§ What to do
All of the data, except its images, should be set down exactly as it appears.

____ Input data

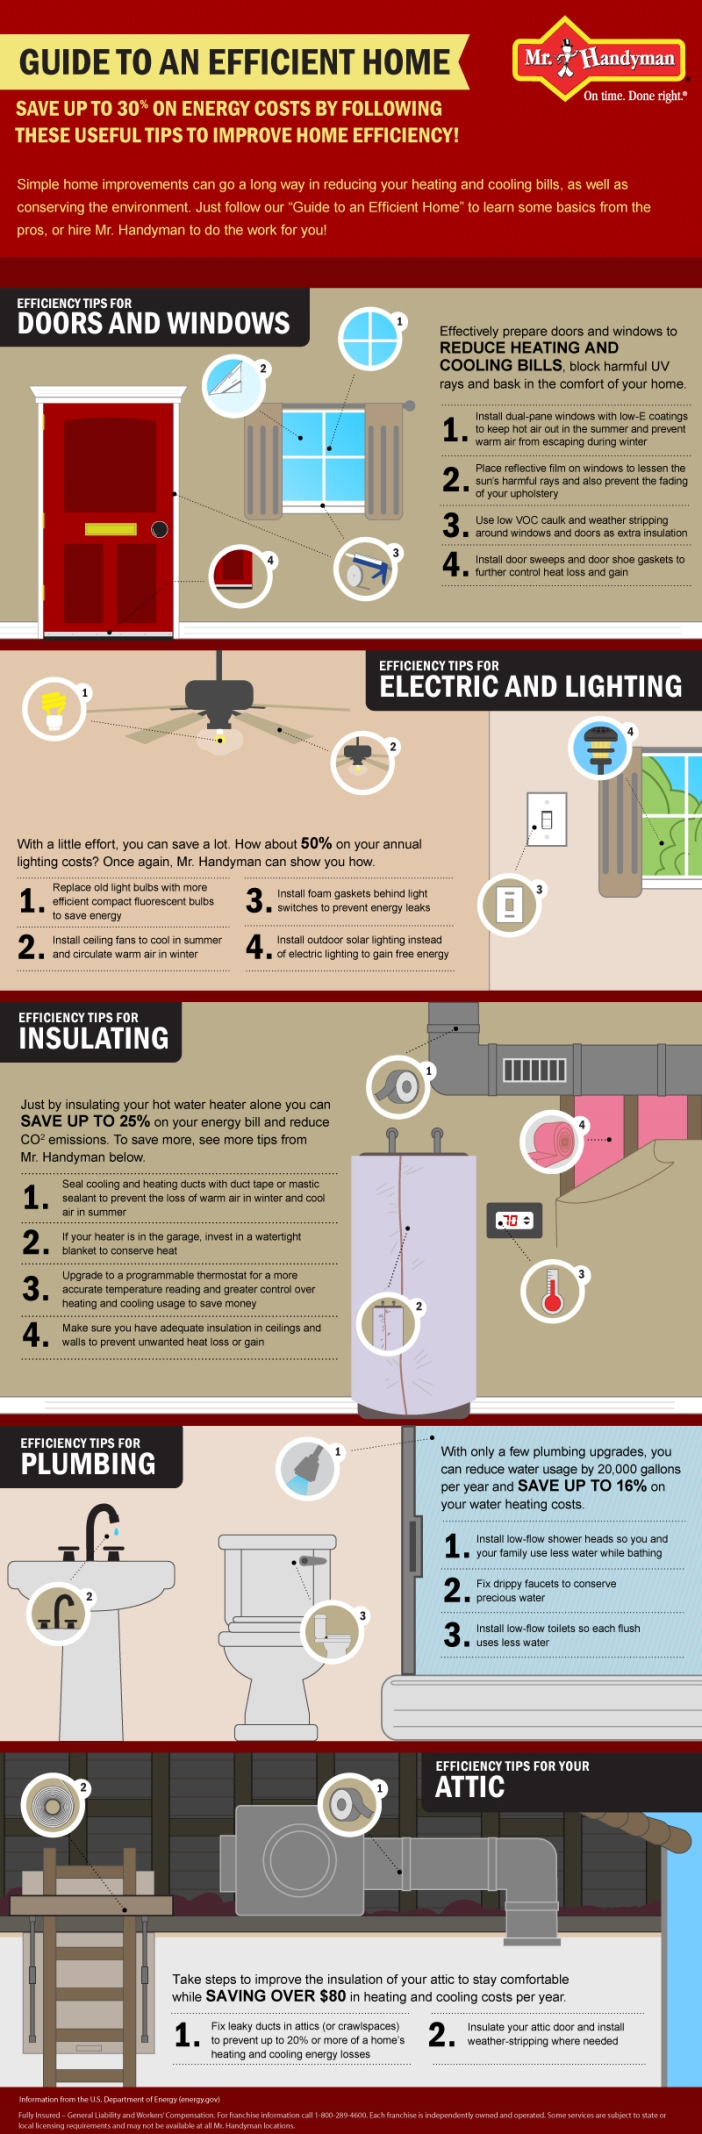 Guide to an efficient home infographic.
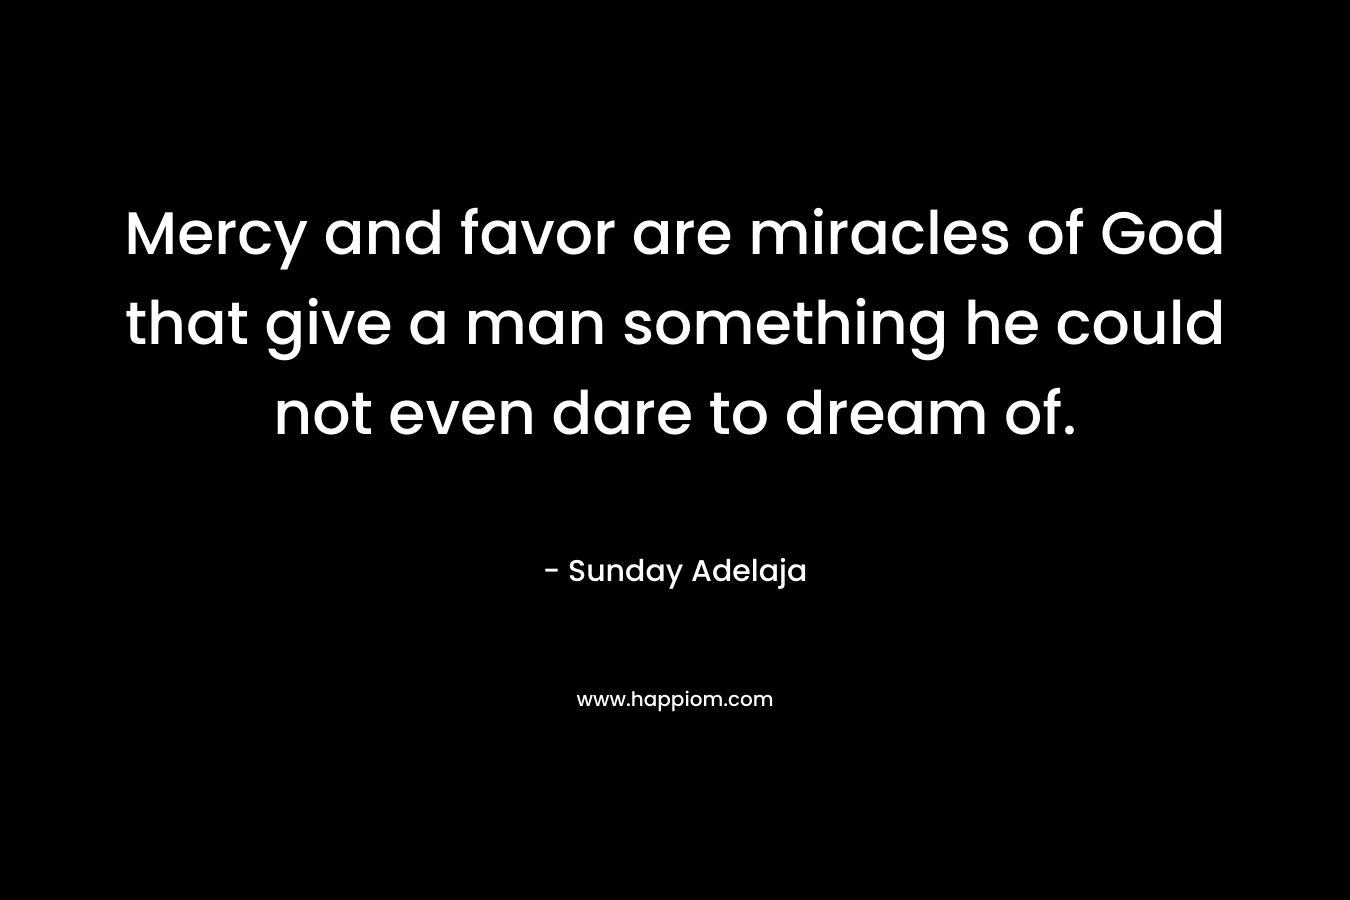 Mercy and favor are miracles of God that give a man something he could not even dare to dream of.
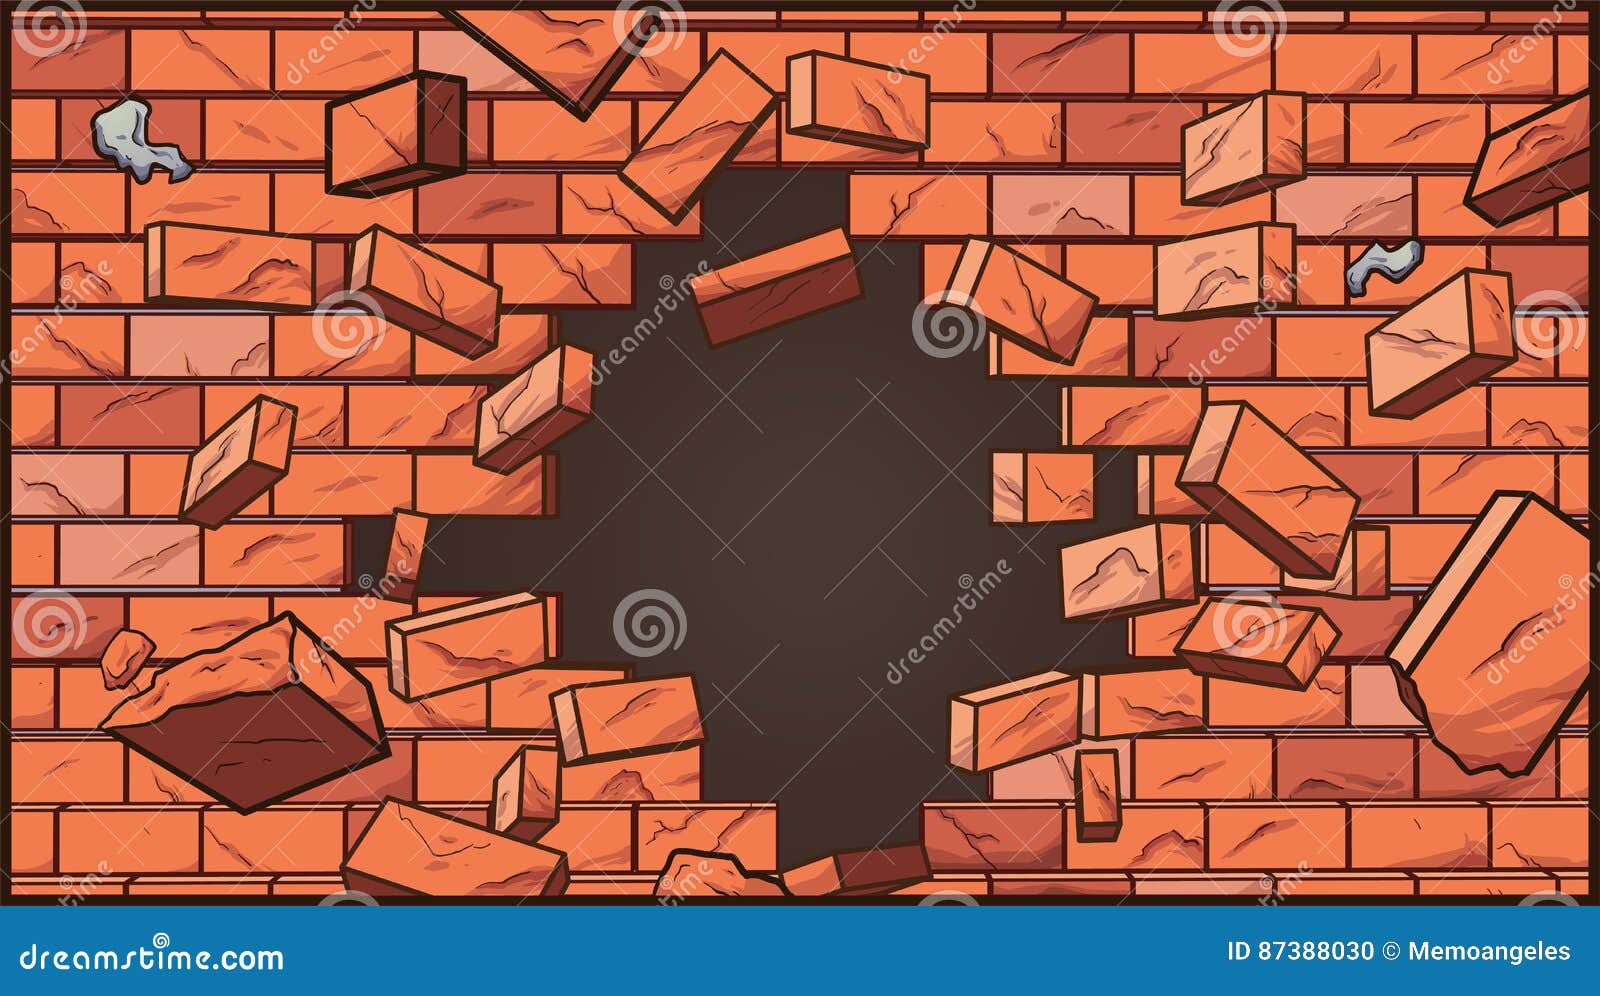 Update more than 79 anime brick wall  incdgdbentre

________

§ Answer to the exercise
 Guide to an efficient home infographic.
 Mercy and favor are miracles of God that give a man something he could not even dare to dream of.
 Update more than 79 anime brick wall  incdgdbentre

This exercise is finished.